The MC4R signaling complex. α-MSH and AgRP signaling at the MC4R involves a multiprotein signaling complex that appears to be highly regulated. In addition to interactions with well-characterized members of the G protein signaling cascade (α-, β, and γ subunits and β-arrestin), the MC4R appears to interact directly with the transmembrane protein MRAP2, which blocks constitutive activation of the receptor by the amino terminal domain, and enhances sensitivity to α-MSH action. The receptor also appears to interact with inward rectifier channels such as Kir7.1, with α-MSH and AgRP modulating channel activity in a receptor-dependent manner. Attractin and mahogunin are involved in receptor internalization, and attractin may also be involved in AgRP binding. For simplicity, syndecan and defensins are not indicated here.

Figure 4

A new model of MC4R microcircuitry. The Yin–Yang model of α-MSH and AgRP action (Fig. 1) suggested competitive binding of these peptides to individual MC4R sites (orange box), and anatomical data suggest in regions where these peptides undergo volume release, that competition for binding to the MC4R may occur. New subcellular anatomical data suggest that in the PVH, AgRP synaptic contacts predominate at cell bodies, while POMC synaptic contacts predominate at distal dendrites. Along with the fact that AgRP immunoreactive fibers are only observed in a subset of MC4R expressing nuclei containing POMC-immunoreactive fibers, α-MSH may this often act independently of AgRP (right circle).
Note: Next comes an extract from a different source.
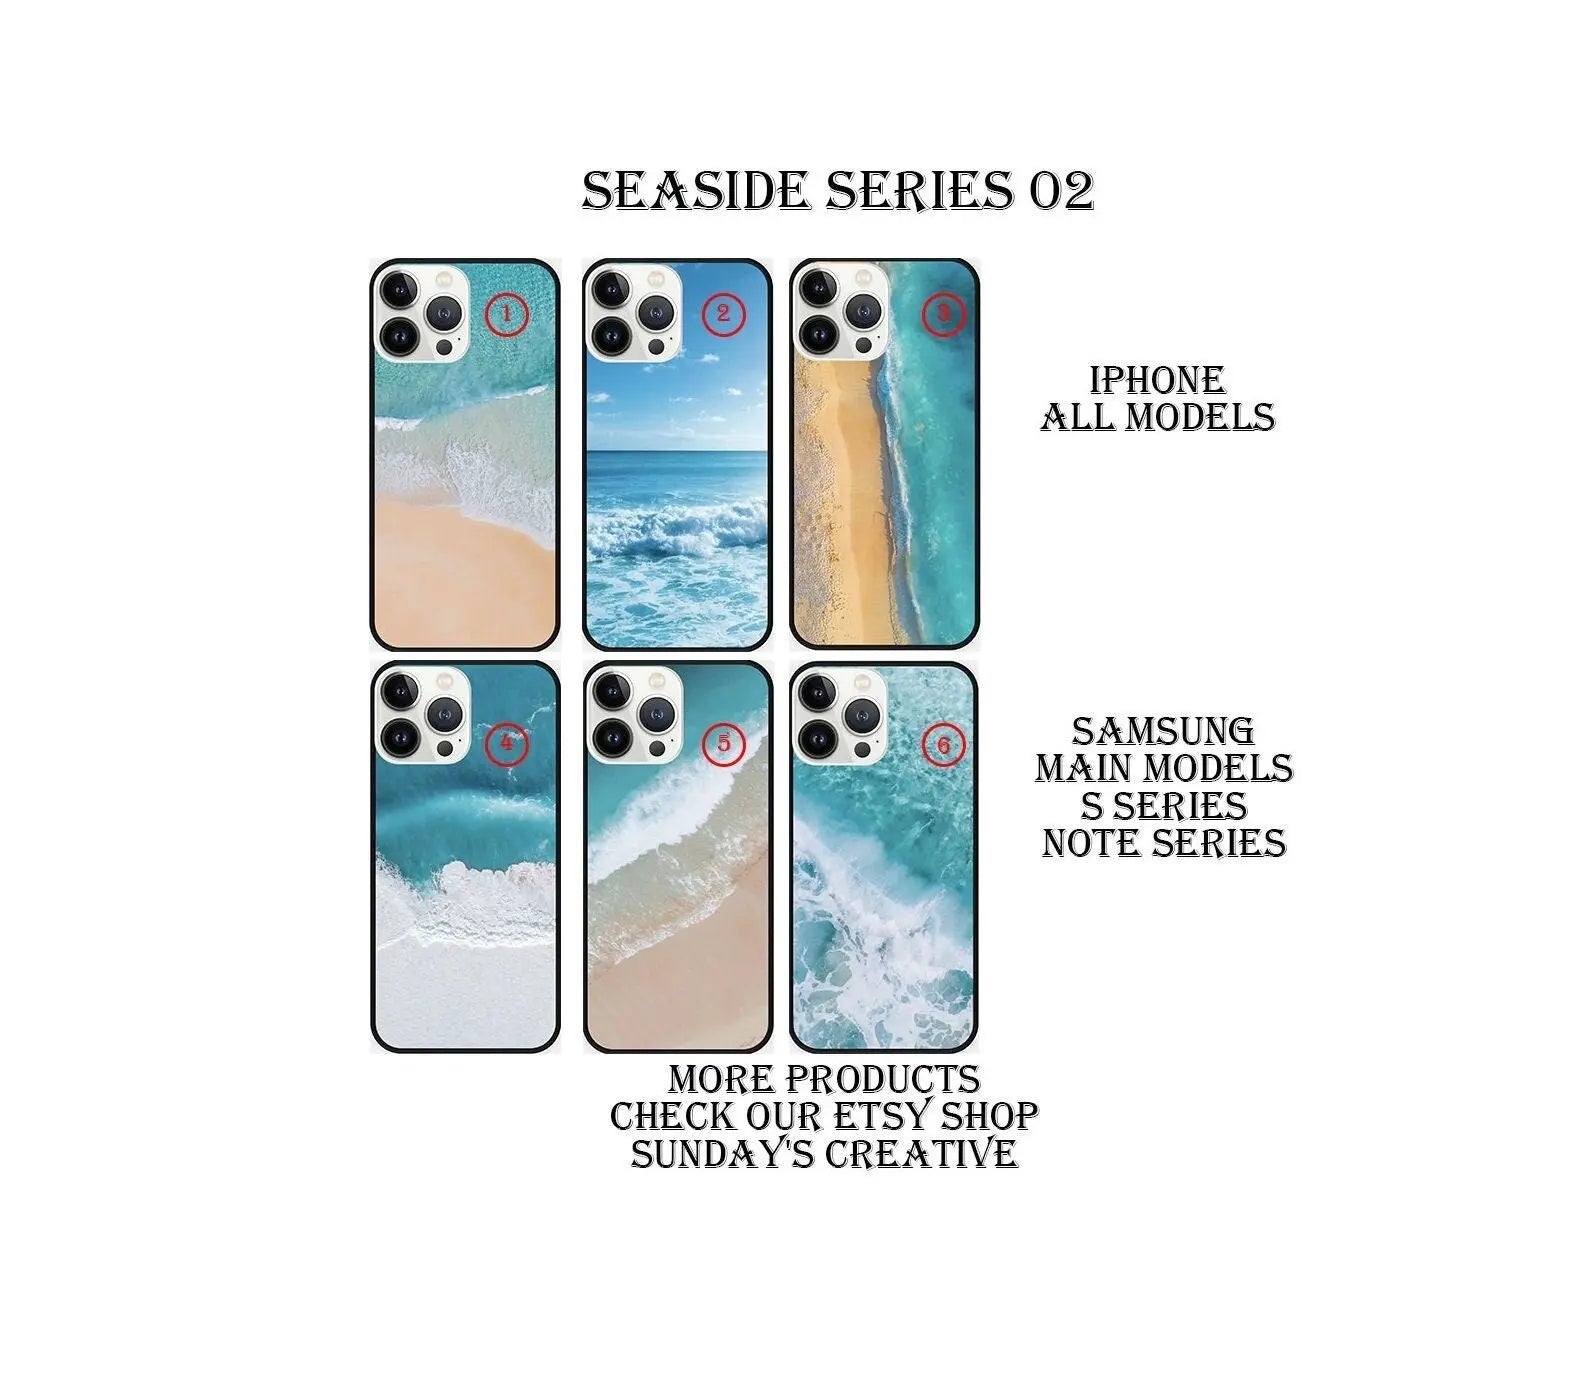 Designed phone cases Seaside series 02 Sunday's Creative
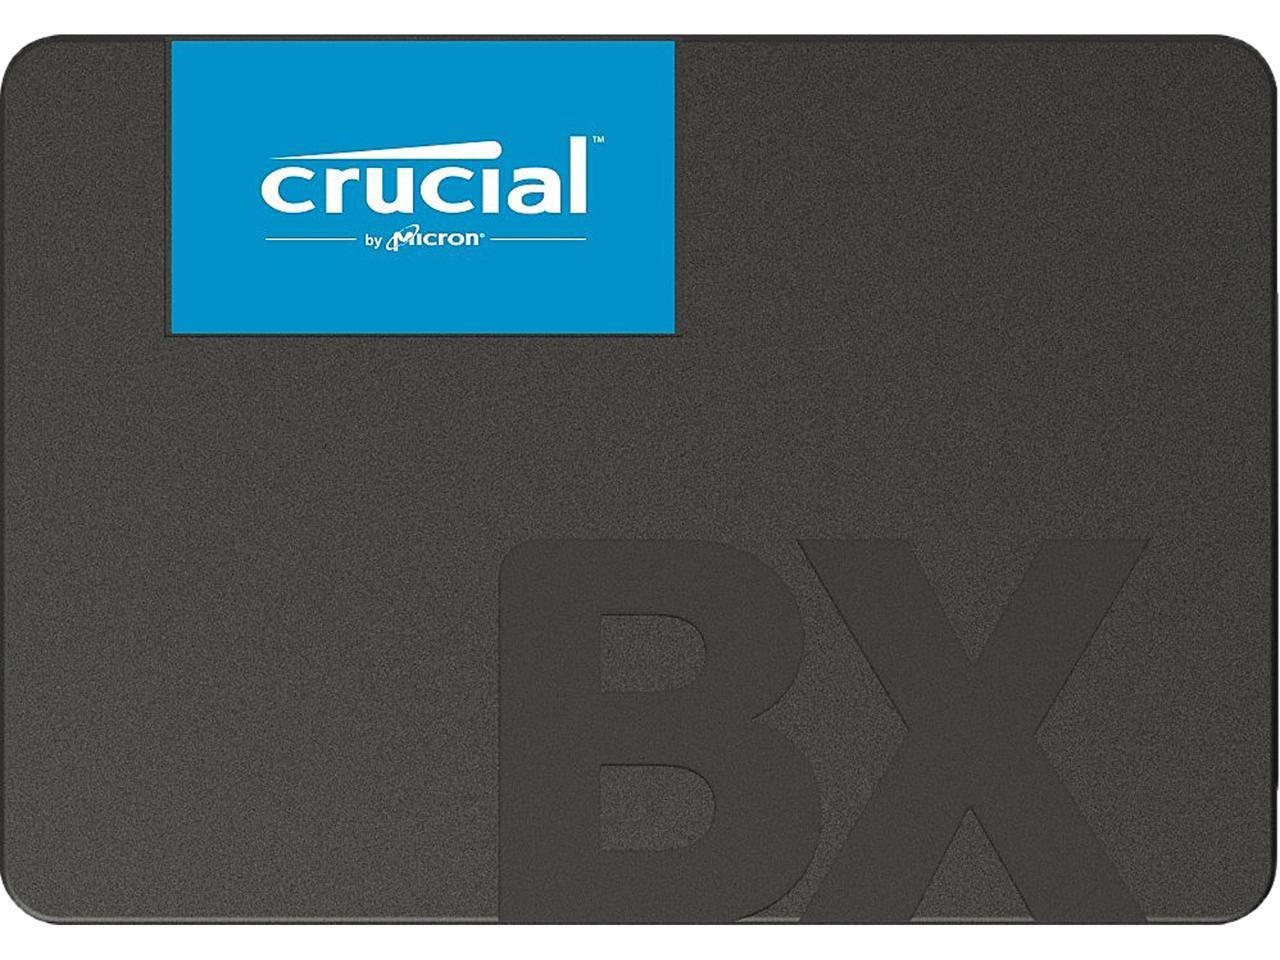 Crucial BX500 1TB 3D Nand Sata 2.5-Inch Internal SSD

At these sites, α-MSH may be expected to signal through both cAMP, and Kir7.1. The ability of AgRP to act independently of α-MSH as a potent hyperpolarizing agonist, via regulation of Kir7.1, suggests the likely existence of independent AgRP sites of action (left circle). Another MC4R signaling pathway, involving cAMP/PKA-dependent activation of K_ATP channels and α-MSH-induced hyperpolarization, has been demonstrated in MC4R neurons in the dorsal motor nucleus of the vagus in the brainstem (bottom right). Thus, α-MSH and AgRP utilize a diversity of signaling modalities to regulate feeding and energy homeostasis through the MC4R. Modified, with permission, from Ghamari-Langroudi M, Digby GJ, Sebag JA, Millhauser GL, Palomino R, Matthews R, Gillyard T, Panaro BL, Tough IR, Cox HM, et al. (2015) G-protein-independent coupling of MC4R to Kir7.1 in hypothalamic neurons. Nature 520 94–98.